Für den morgigen Tag war alles bestens vorbereitet,
und es sollte eigentlich einer der glücklichsten Tage in Mitzis
Leben werden. So wäre es natürlich auch – fast.
Die Zahnarztpraxis glitzerte weihnachtlich, Joel
und Dr. Johnson trugen beide Weihnachtsmann-Mützen und ängstigten
die Patienten damit wahrscheinlich halb zu Tode. Tammy und Viv
hatten sich hoffnungsfroh Mistelzweige an
die Brust geheftet, und Doll trug blinkende
Schneemann-Ohrringe.
Der Wind blies immer noch heulend von Norden her
und ließ alles klappern und scheppern. Das Dorf fröstelte unter
schweren grauen Wolken, und Doll hielt immer wieder sehnsüchtig
Ausschau nach der ersten Schneeflocke.
»Es schneit garantiert nicht«, sagte Tammy, zog
ihren Rock noch ein paar Zentimeter höher und bewunderte ihre
schlanken Beine in den dunklen Strumpfhosen. »Der Wetterbericht
sagt, es wird einfach nur saumäßig kalt. Es gibt wohl gar keine
weißen Weihnachten mehr, oder? Meine Eltern sagen, sie erinnern
sich noch an welche in ihrer Kindheit. Da sind sie dann immer
Schlitten gefahren und haben Schneeballschlachten veranstaltet und
hatten wochenlang schulfrei.
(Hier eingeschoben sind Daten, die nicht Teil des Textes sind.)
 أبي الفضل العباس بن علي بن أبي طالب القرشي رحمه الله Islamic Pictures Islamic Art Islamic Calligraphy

Das ist so was von unfair.«
»Doll will gar nicht wirklich, dass es schneit«,
sagte Viv. »Da friert sie sich doch halb tot in ihrem Kleid. Wir
müssen ja so schon alle warme Unterwäsche anziehen.«
Tammy hörte auf, ihre Beine zu bewundern, und sah
Doll an. »Bist du jetzt aufgeregt?«
»Nö. Überhaupt nicht. Ich freu mich echt drauf.
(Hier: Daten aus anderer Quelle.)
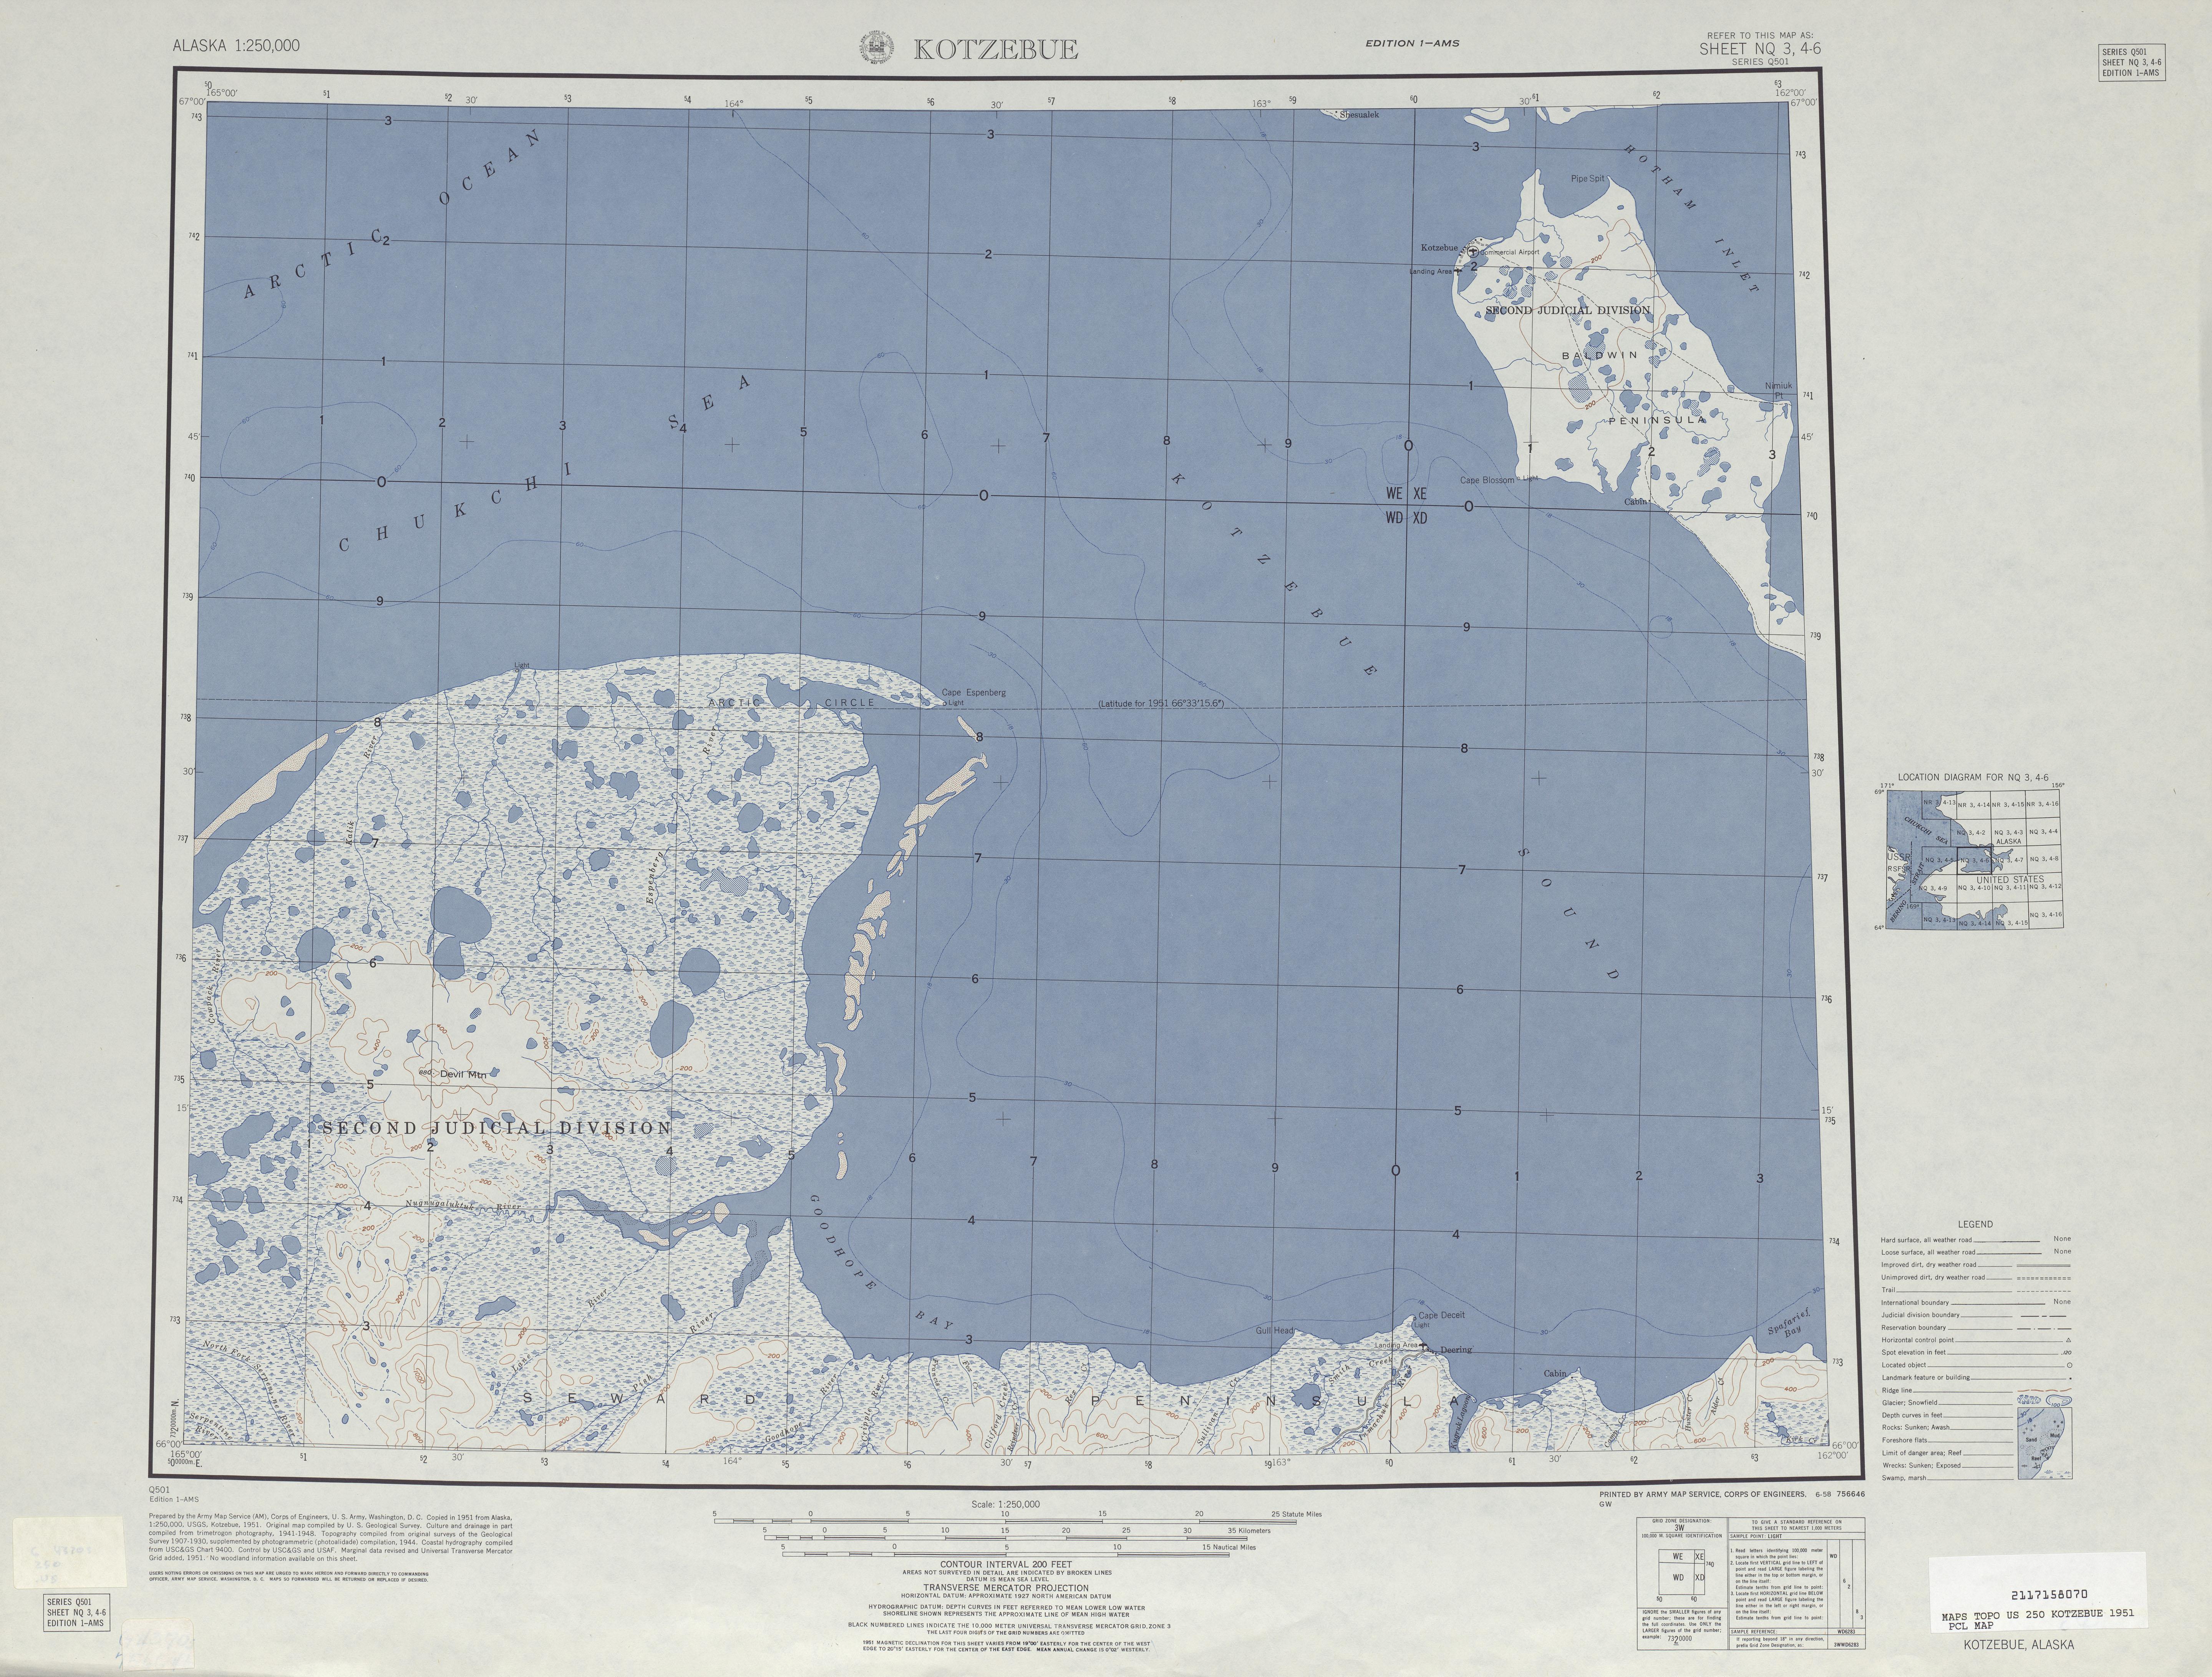 Hoja Kotzebue del Mapa de Relieve Sombreado de los Estados Unidos 1951

Wahrscheinlich, weil alles ganz ungezwungen ist. Bretts Eltern
waren erst etwas verschnupft, weil es keine großartige Feier gibt,
aber inzwischen haben sie sich wieder abgeregt.«
Tammy grinste. »Und ihr wollt wirklich gar keine
Hochzeitsgeschenke?«
»Wozu denn? Wir wohnen doch schon seit Ewigkeiten
zusammen. Wir haben alles, was wir brauchen. Alles, was wir uns
wünschen, ist, dass unsere Verwandten und Freunde kommen und mit
uns feiern.«
»Ach wie schön.«
Viv begutachtete ihre Fingernägel. »Um wie viel Uhr
treffen wir uns heute Abend im Pub?«
»Gleich nach der Arbeit.« Doll spähte aus dem
Fenster des leeren Wartezimmers noch immer gen Himmel. »Und es ist
nur ein kurzer Umtrunk, nichts Großartiges. Ich möchte den heutigen
Abend zu Hause mit meiner Mutter verbringen. Sie kocht uns etwas
Besonderes.«
Tammy zog die stark gezupften Augenbrauen hoch.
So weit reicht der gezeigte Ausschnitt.